Arsen Iqaltoeli or Arsen of Iqalto () (died c. 1127) was a Georgian churchman, theologian, calligrapher and religious author with noticeable role in the ecclesiastic life of Georgia in the reign of David IV "the Builder" (r. 1089—1125) with whom he collaborated in rearing the Georgian monastic academes. His formidable efforts at translating and compiling major doctrinal and polemical work from Greek gave a novel impetus to the Georgian patristic and philosophical literature. Iqaltoeli is canonized by the Georgian Orthodox Church, which commemorates him on February 6 (19).

Life 

Arsen is apparently the same person as Arsen Vachesdze mentioned in several manuscripts. Furthermore, some Georgian scholars identify him with Arsen Beri (Arsenius "the Monk"; fl. 1100), the author of the metaphrastic revision of The Life of Saint Nino. According to historic tradition Arsen was born in Iqalto in the province of Kakheti, east of Tbilisi, Georgia's modern capital. He was educated in Constantinople at the Mangana academy, the centre of Byzantine philosophical activity and classical learning, and served as a monk on the Black Mountain near Antioch under the tutelage of Ephraim the Minor. Around 1114, Iqaltoeli, along with several other Georgian repatriate monks, responded to King David IV's call to join the reconstructed Georgian church. Along with John of Petrizos, Iqaltoeli brought the Byzantine philosophical tradition to the newly founded Georgian academe at Gelati and helped found a similar academy at Iqalto. Finally he established himself at the Shio-Mgvime monastery in Kakheti.
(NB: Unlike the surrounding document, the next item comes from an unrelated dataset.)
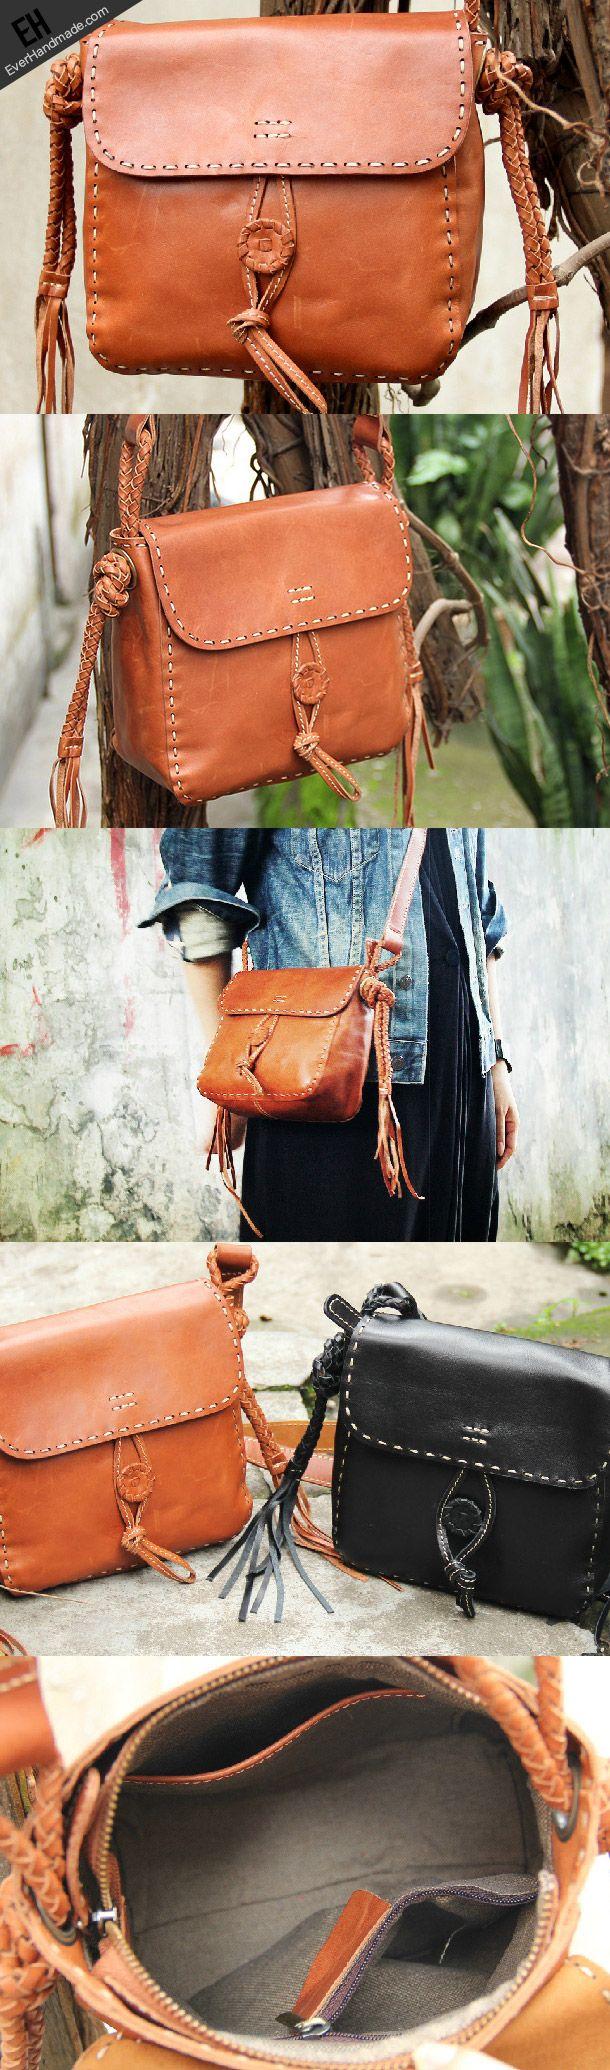 Handmade vintage rustic brown leather crossbody Shoulder Bag for women   EverHandmade

Iqaltoeli probably played a key role in the debate between Armenian and Georgian churchmen organized by David IV in a futile attempt to reconcile doctrinal differences between the two churches in 1123. He outlived David and composed the king's epitaph.
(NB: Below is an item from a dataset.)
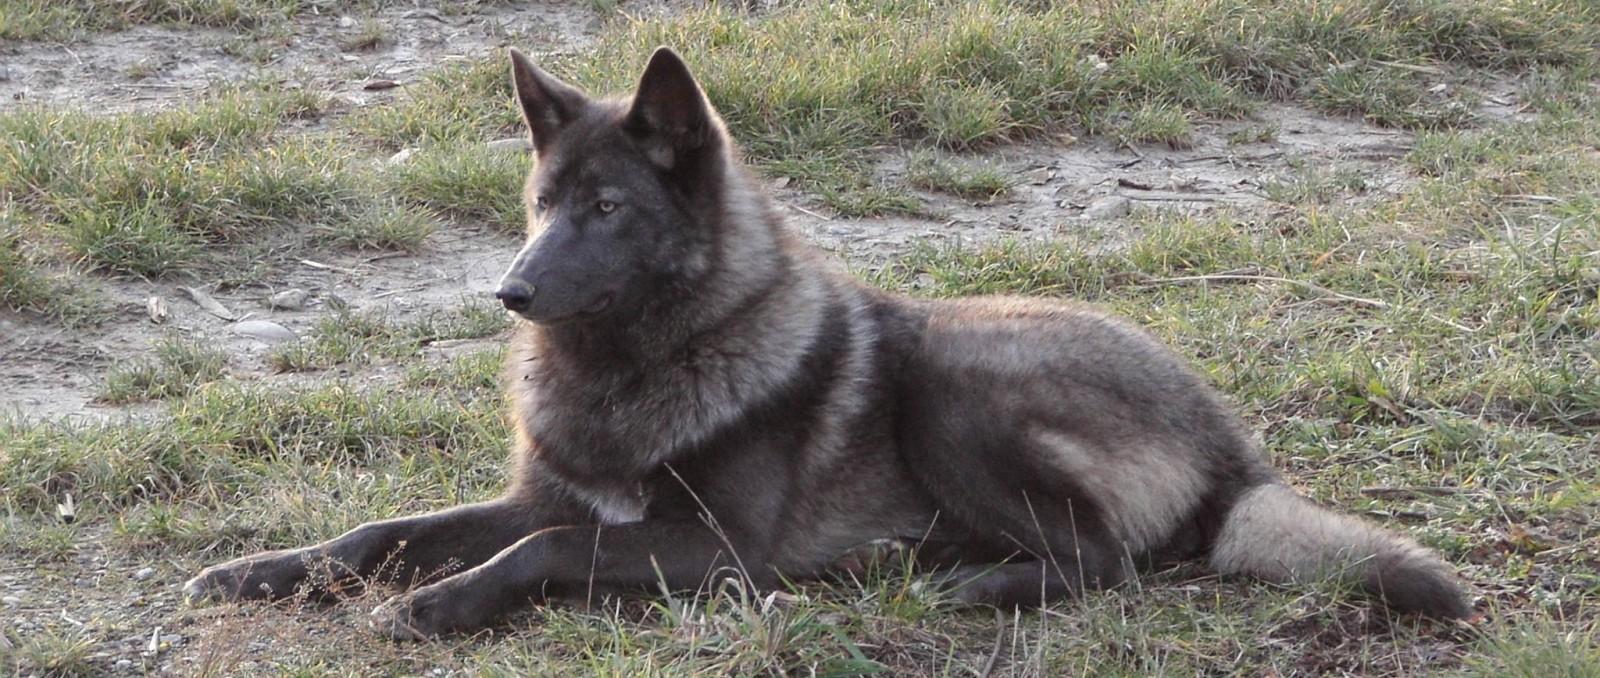 Loup hybride prix – chaton chien à donner

Most of Iqaltoeli's work both abroad and in Georgia consists of translations of major doctrinal and polemical work, which he compiled as his massive Dogmatikon, "a book of teachings", influenced by Aristotelianism. The most complete surviving manuscript of this work (S-1463) dates to the 12th-13th century and includes sixteen key authors, such as Anastasius Sinaita, John of Damascus, Theodore Abucara, Michael Psellos, Cyril of Alexandria, Nikitas Stithatos, Pope Leo the Great and others.

References 

1120s deaths
Christian monks from Georgia (country)
Writers from Georgia (country)
Translators from Georgia (country)
Philosophers from Georgia (country)
Saints of Georgia (country)
Year of birth unknown
Calligraphers from Georgia (country)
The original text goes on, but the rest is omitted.